◆ Instructions for the task
Repeat the data in full and exactly. Leave the pictures out.

◆ Provided material

──────

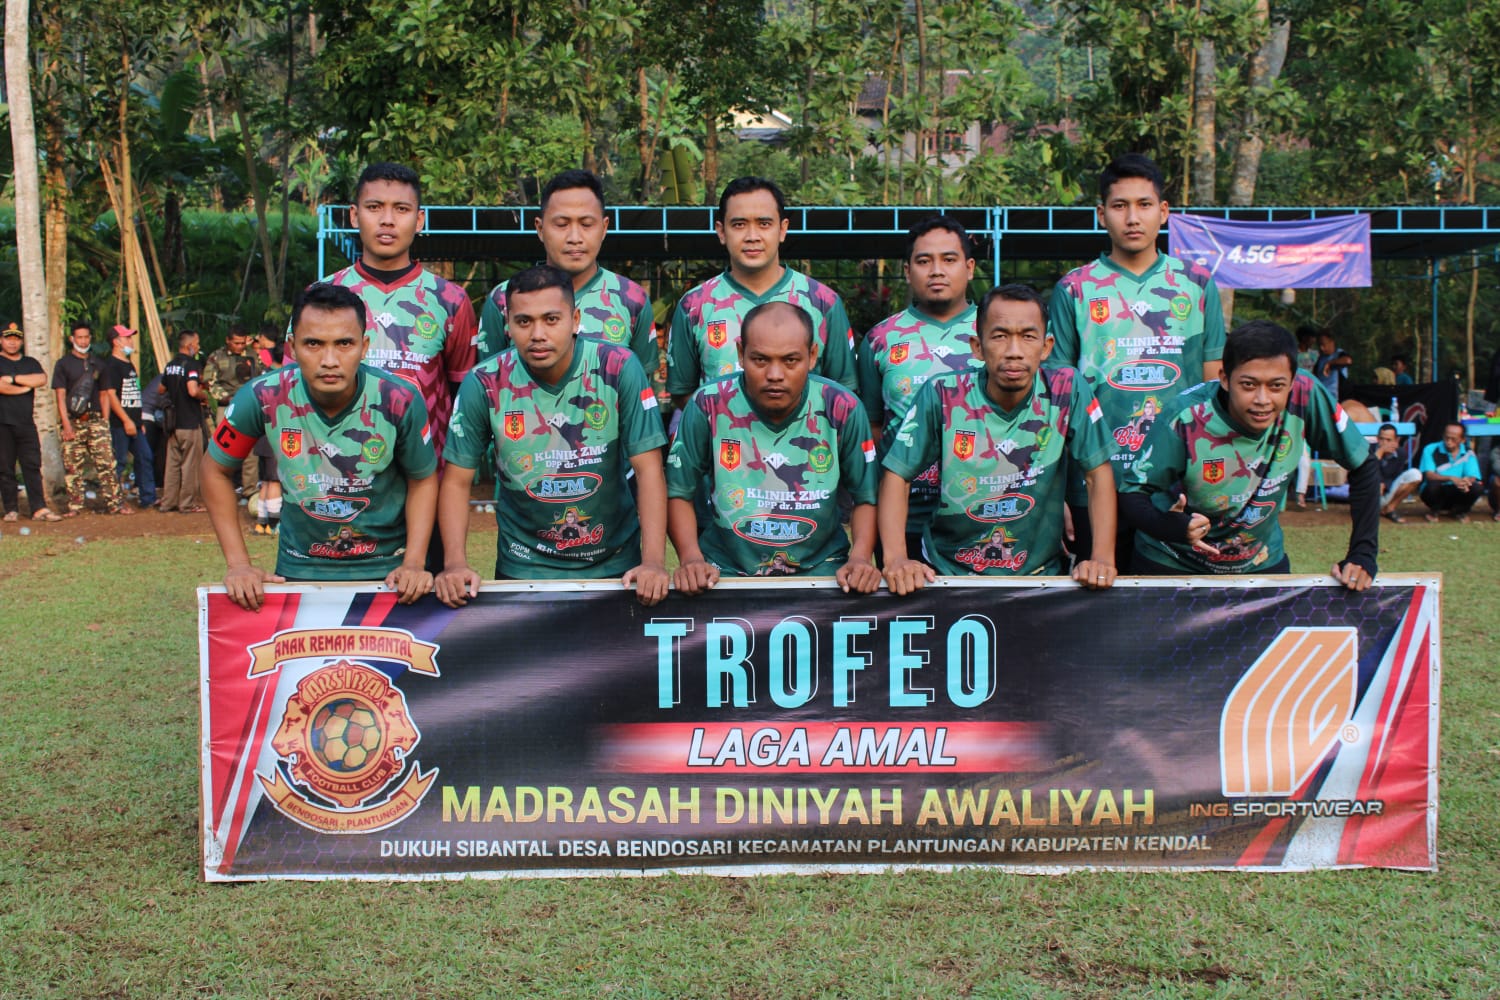 “PERKASA FC” KOKAM Pemuda Muhammadiyah VS Banser FC Ramaikan Laga Amal Pembangunan Madrasah
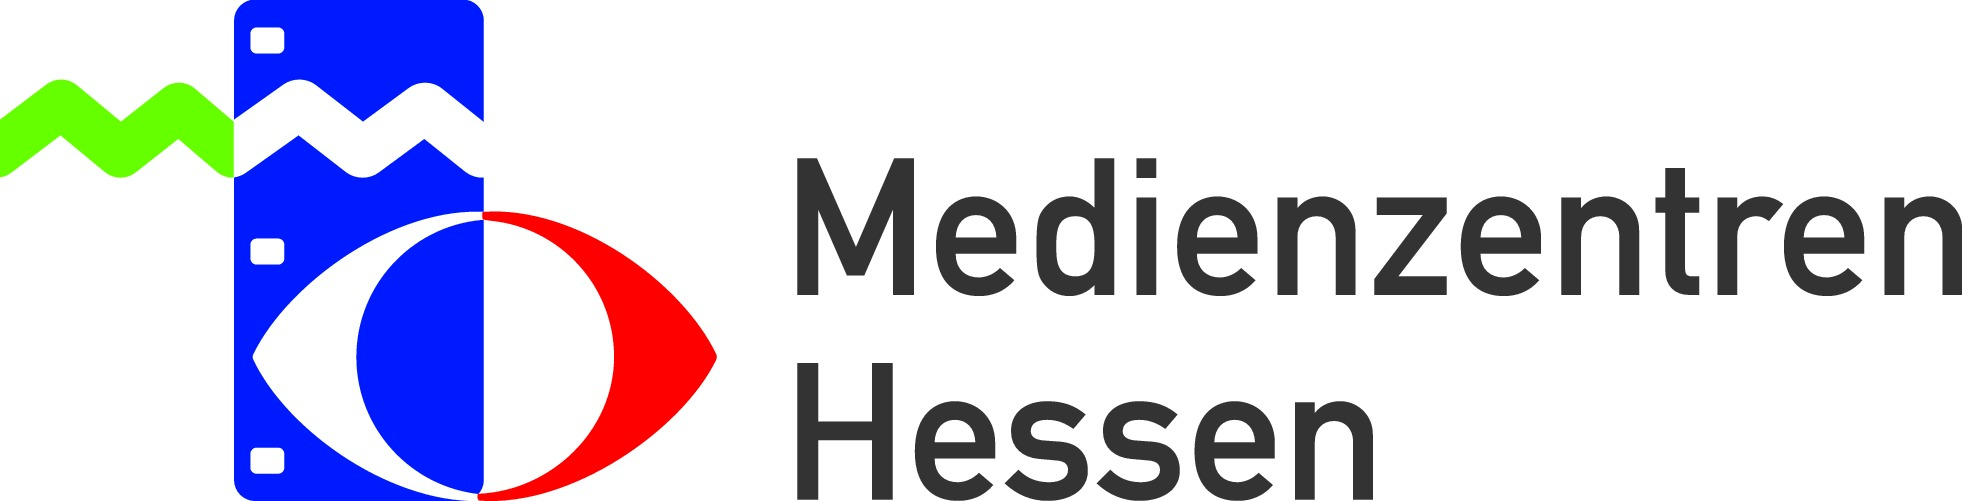 Zur Website der Medienzentren in Hessen
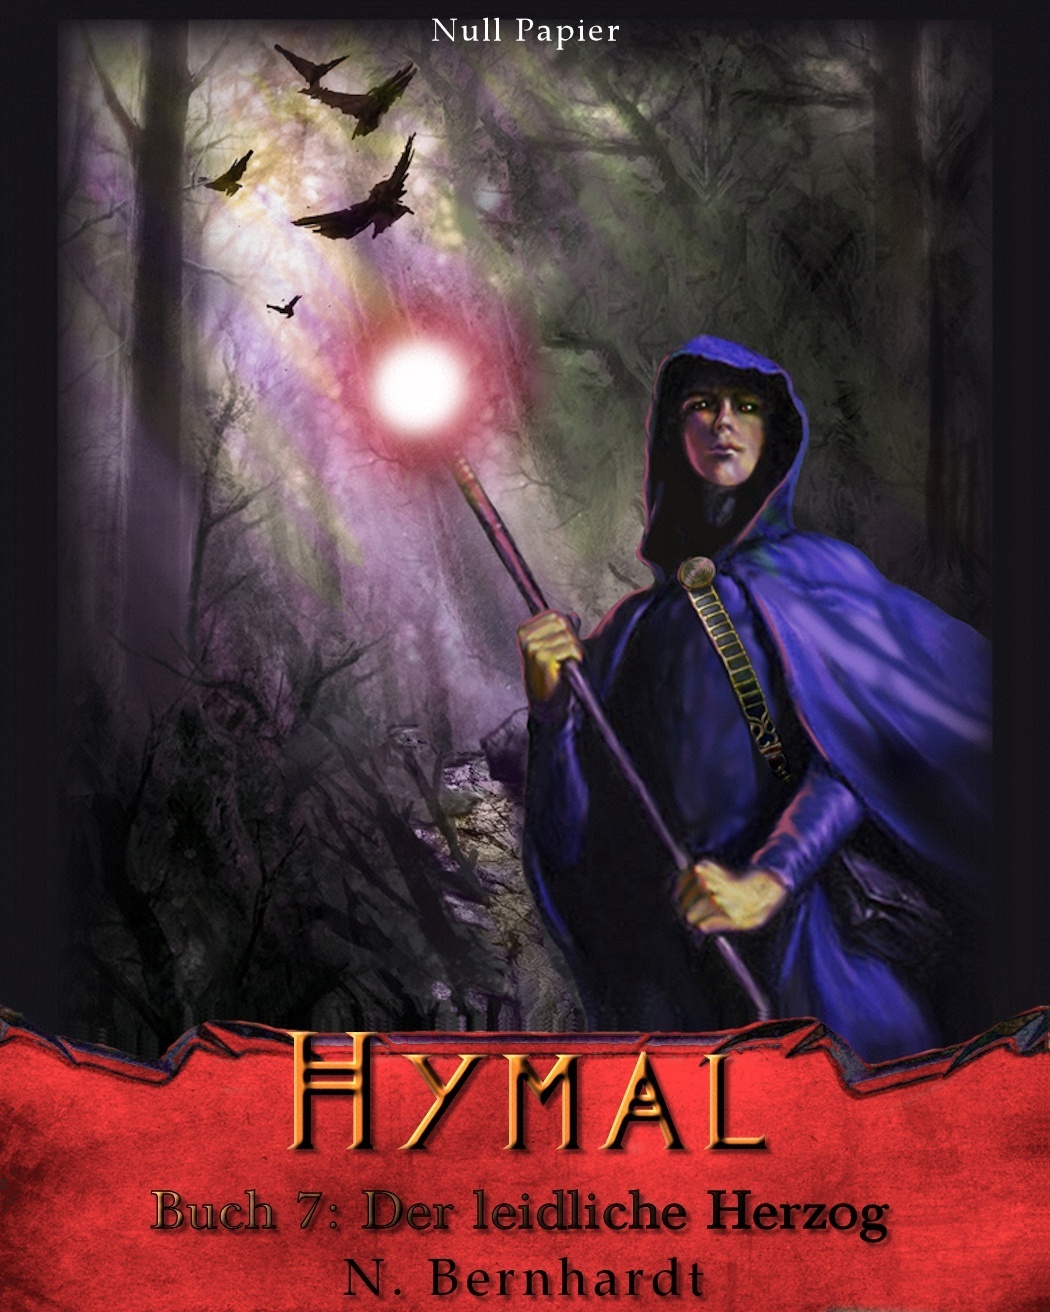 Der Hexer von Hymal, Buch VII - Der leidliche Herzog

──────

◆ Exercise output
 “PERKASA FC” KOKAM Pemuda Muhammadiyah VS Banser FC Ramaikan Laga Amal Pembangunan Madrasah
 Zur Website der Medienzentren in Hessen
 Der Hexer von Hymal, Buch VII - Der leidliche Herzog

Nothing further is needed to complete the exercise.